▶ PROBLEM DESCRIPTION
The required output is the stretch from the line containing "Moscow Olympics 80" through the line containing "Olympus M.Zuiko 40-150mm" in the records below, unaltered and with no pictures.

▶ SUPPLIED RECORDS
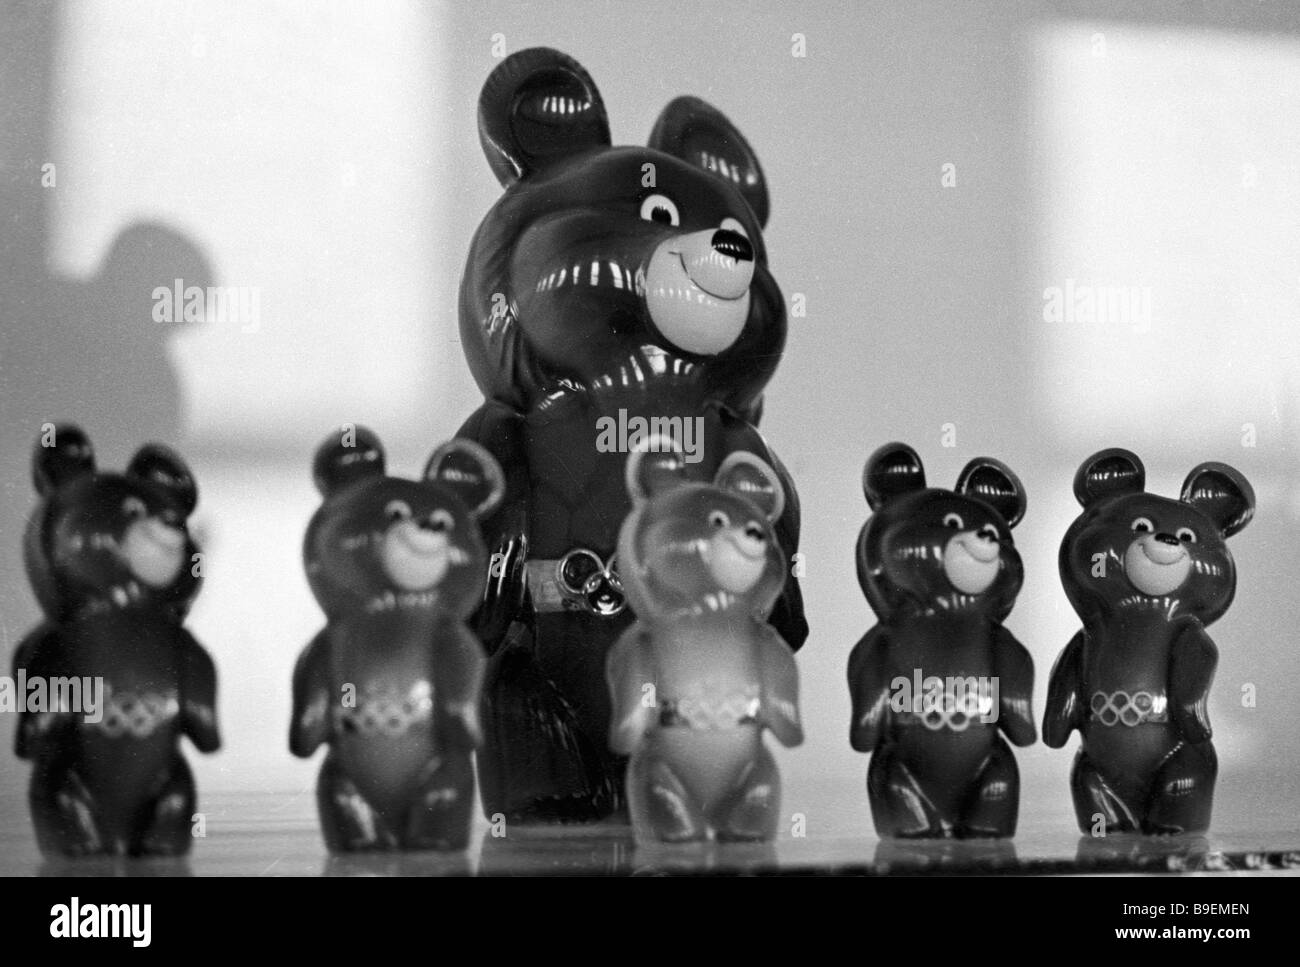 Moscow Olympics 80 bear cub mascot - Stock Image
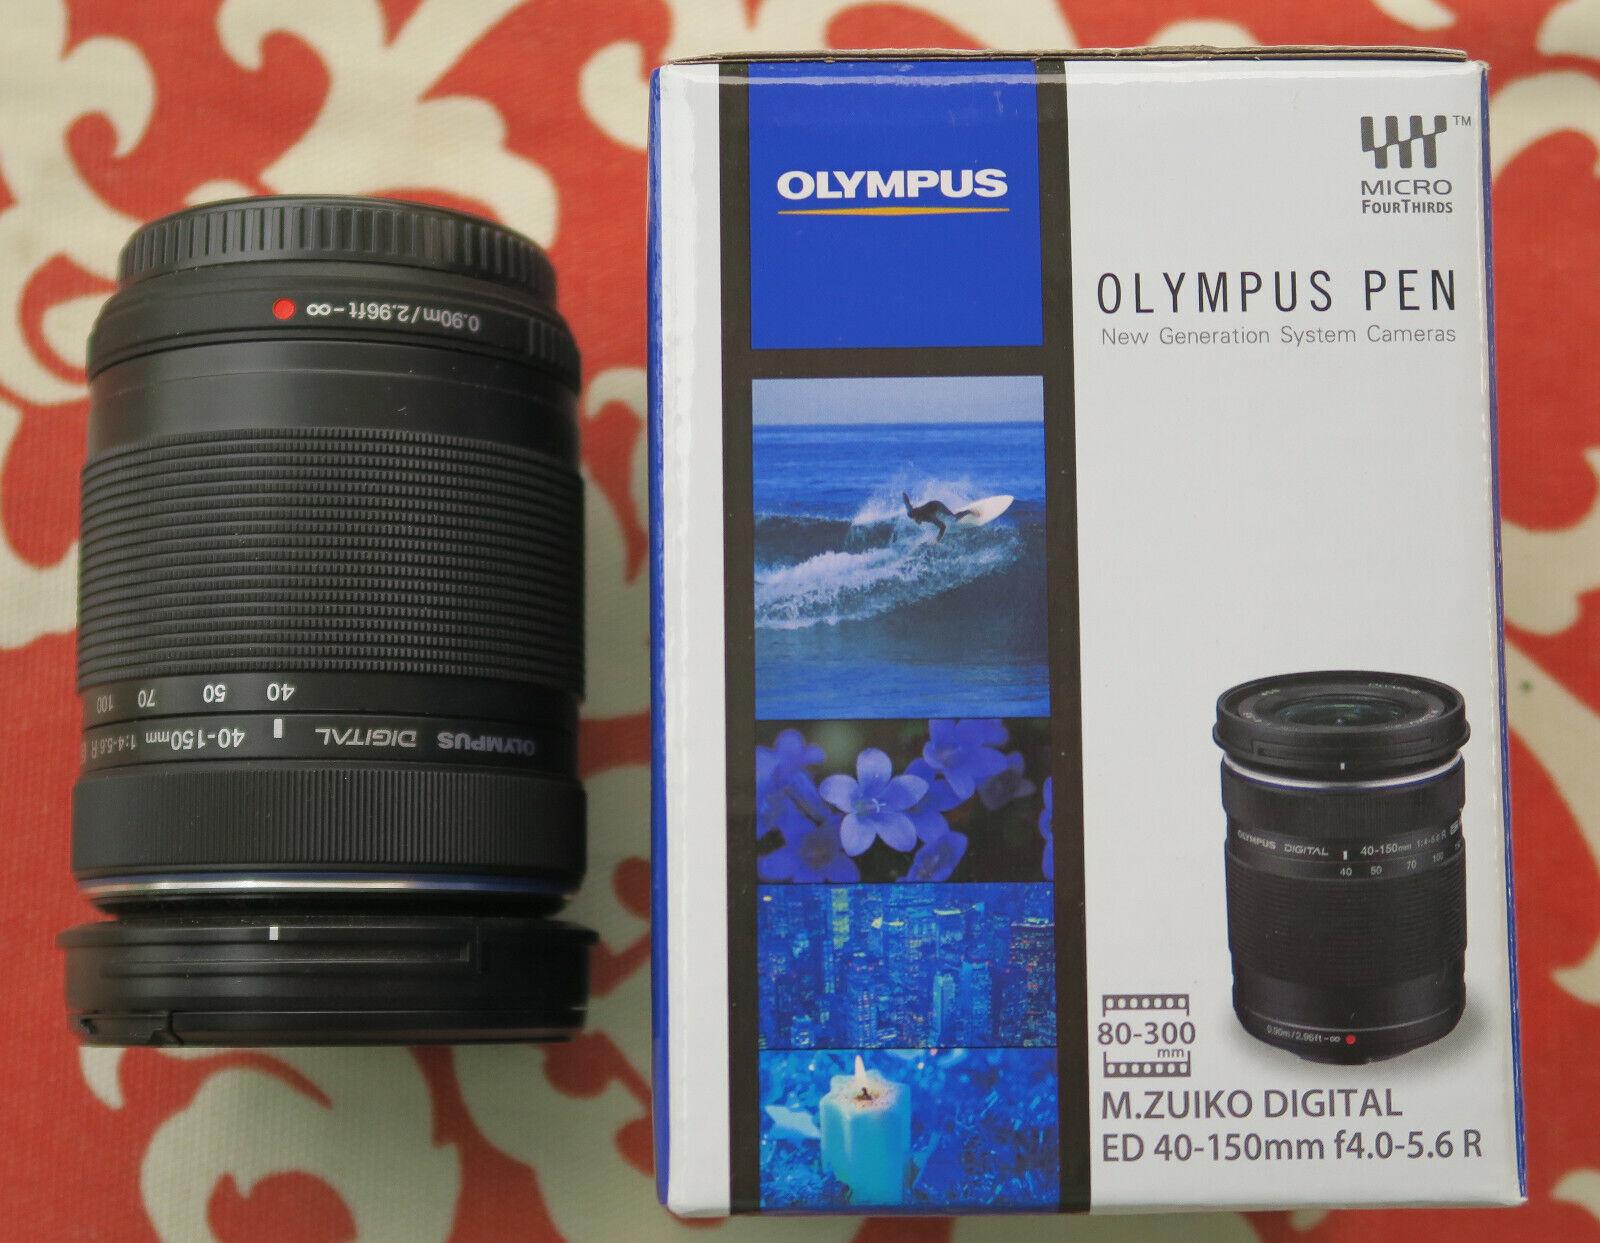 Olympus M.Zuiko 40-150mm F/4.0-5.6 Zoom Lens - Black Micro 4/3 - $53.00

==

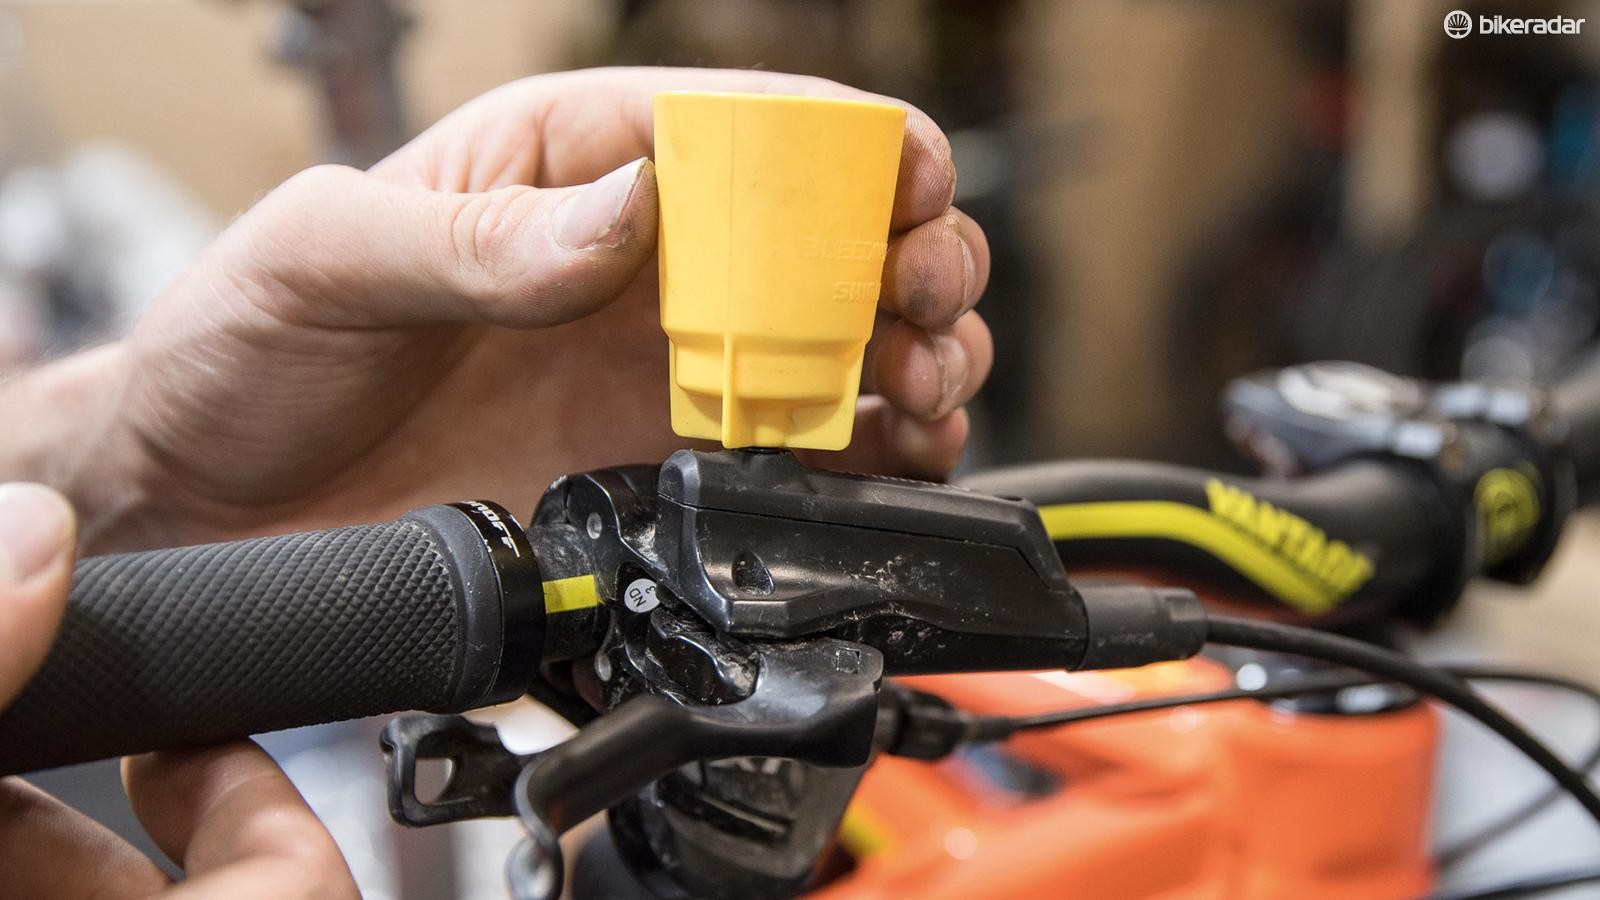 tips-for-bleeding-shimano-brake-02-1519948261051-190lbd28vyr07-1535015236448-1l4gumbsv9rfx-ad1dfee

▶ WRITTEN ANSWER
 Moscow Olympics 80 bear cub mascot - Stock Image
 Olympus M.Zuiko 40-150mm F/4.0-5.6 Zoom Lens - Black Micro 4/3 - $53.00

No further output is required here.